If the analysts at Gartner’s recent outsourcing and IT services summit in London are to be believed, the outsourcing industry is on the brink of radical change: new geographies are opening up, the pre-packaged processes on offer are becoming standardised and their creation ‘industrialised’; and the onus for managing many tiers of contracts and subcontracts is, in many cases, shifting to customers.
That latter trait is an important one. Multi-sourcing – hiring multiple providers to deliver different services – is, of course, nothing new: “Outsourcers have always subcontracted,” explains Derek Ward, the executive VP for UK markets from Atos Origin. “Now, however, the client and the provider have to do things differently. The responsibility for the contracts is either aggregated in the client themselves or in a prime contractor.” One such example is Atos Origin’s contract with the International Olympic Committee (IOC), where partners are directly contracted to the IOC but Atos Origin’s responsibility lies in managing them.
Historically, many customers have struggled with the management of their contract portfolio, striving to align contracts with changing business priorities and to extract the full value from them. So the prospect of becoming the aggregator of the contracts themselves will fill some with dread.
That is not something that would be particularly unwelcome at vendors. Says David Jordan, the VP in IBM Europe: “We are pretty happy to transfer risk we previously carried over to the client. Costs would, however, fall for the customer too because in the past we used to factor that risk in.”
Today the average number of IT service providers used by European companies sits at around four. But that is likely to rise as the breadth of choice of delivery model becomes an increasingly important part of the outsourcing equation.
Certainly, in terms of global delivery, organisations are looking well beyond India. Already some of the Indian IT service behemoths, such as Satyam and Tata Consultancy Services, are investing in locations as diverse as Hungary and Brazil in order to maintain low costs and satisfy customers’ more diverse cultural and language requirements. “In Europe the language is incredibly fragmented,” says Som Sarma, VP of Satyam Europe. “One reason to set up in somewhere like Budapest is that the populace will often be bilingual.
Eastern European locations are also proving to be more flexible in other ways. Gartner research VP Ian Marriott underlines how governments in these developing outsourcing locations are playing an important role: “They want to encourage foreign investment and create a business environment where individual providers can sell themselves. New EU countries, or those like Romania who are candidate countries, are proving popular for investment by service providers.
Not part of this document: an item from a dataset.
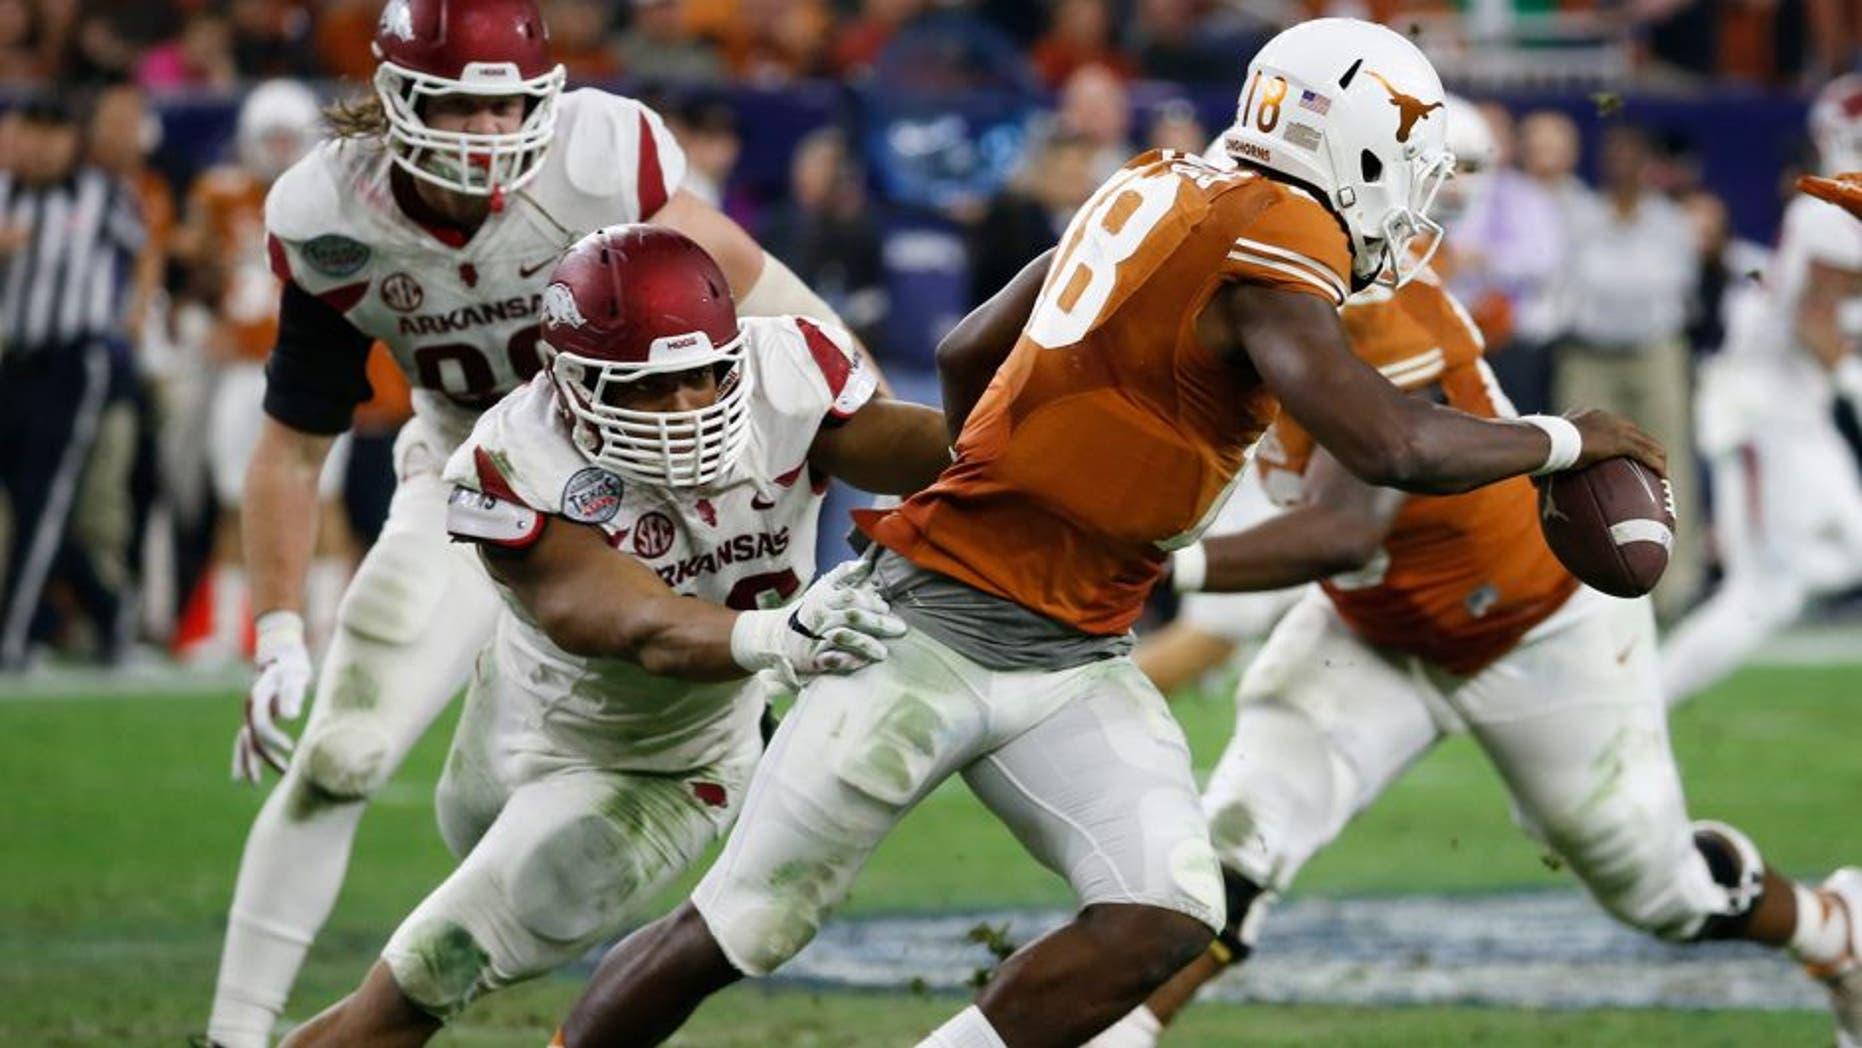 Dec 29, 2014; Houston, TX, USA; Arkansas Razorbacks defensive end Trey Flowers (86) sacks Texas Longhorns quarterback Tyrone Swoopes (18) during the first half in the 2014 Texas Bowl at NRG Stadium. Mandatory Credit: Kevin Jairaj-USA TODAY Sports
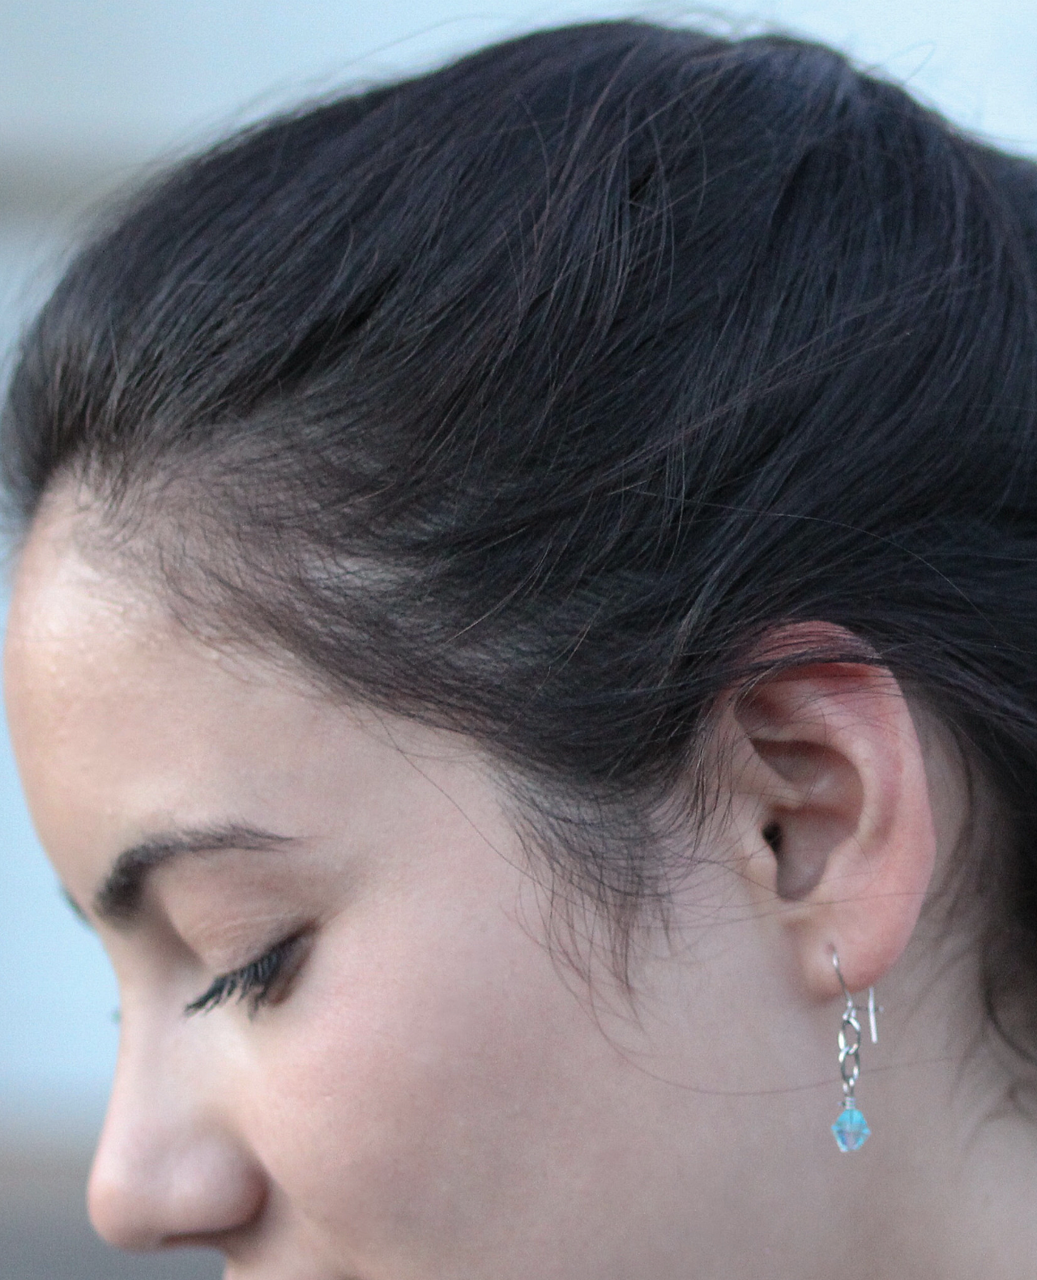 petite aqua crystal earring on female profile

This expansion, especially of the Indian providers, is driven by the need to ride the demand curve of offshore services while keeping costs low. “European [IT services] companies might aim for 20% to 25% annual growth – at a push – but the Indians are working within the parameters of 150% growth as the minimum,” says Roger Cox at Gartner. Indian salaries increased by 25% in 2004 and 15% in 2005, but less mature countries, like for example, Vietnam, will have lower wages.
The establishment of this additional tier of service delivery will be welcomed by many customers, giving them a wider set of on-site, near-shore as well as offshore options.
Vendors, too, are seeking to take advantage of more flexible work regimes. Sarma explains that while an Indian work permit takes between nine and 12 weeks to process, and a UK permit four, processing times in countries like the Czech Republic and Hungary can be as little as a fortnight. “Currently a lot of our programme managers are working in Hungary,” he says.
The creation of a truly global footprint is evidence of the maturing of the outsourcing market: so too is the standardisation and industrialisation that analysts are seeing. When it comes to IT-enabled services, “there is a continual battle between standardisation and customisation,” says Cathy Tornbohm, a research director with Gartner. “The vendors want the former, because it reduces costs, but the customers are pushing for the latter.”
Although at present standardised business processes account for less than 5% of the total business process outsourcing (BPO) market, turning business processes into distinct services, provided on a pay-as-you-go utility basis, promises to cut costs for companies even further. Sarma, however, thinks that customer attitudes to global sourcing still have some maturing to do first.
Part of that maturing involves a shift in emphasis away from cost. Gartner’s Marriott describes how many organisations initially went into outsourcing with the hope of making processes ‘cheaper, faster, better’ – in that order. But progressively their priorities are shifting to become ‘better, faster, cheaper’. And that will only fuel greater demand for delivery models that are multi-tiered.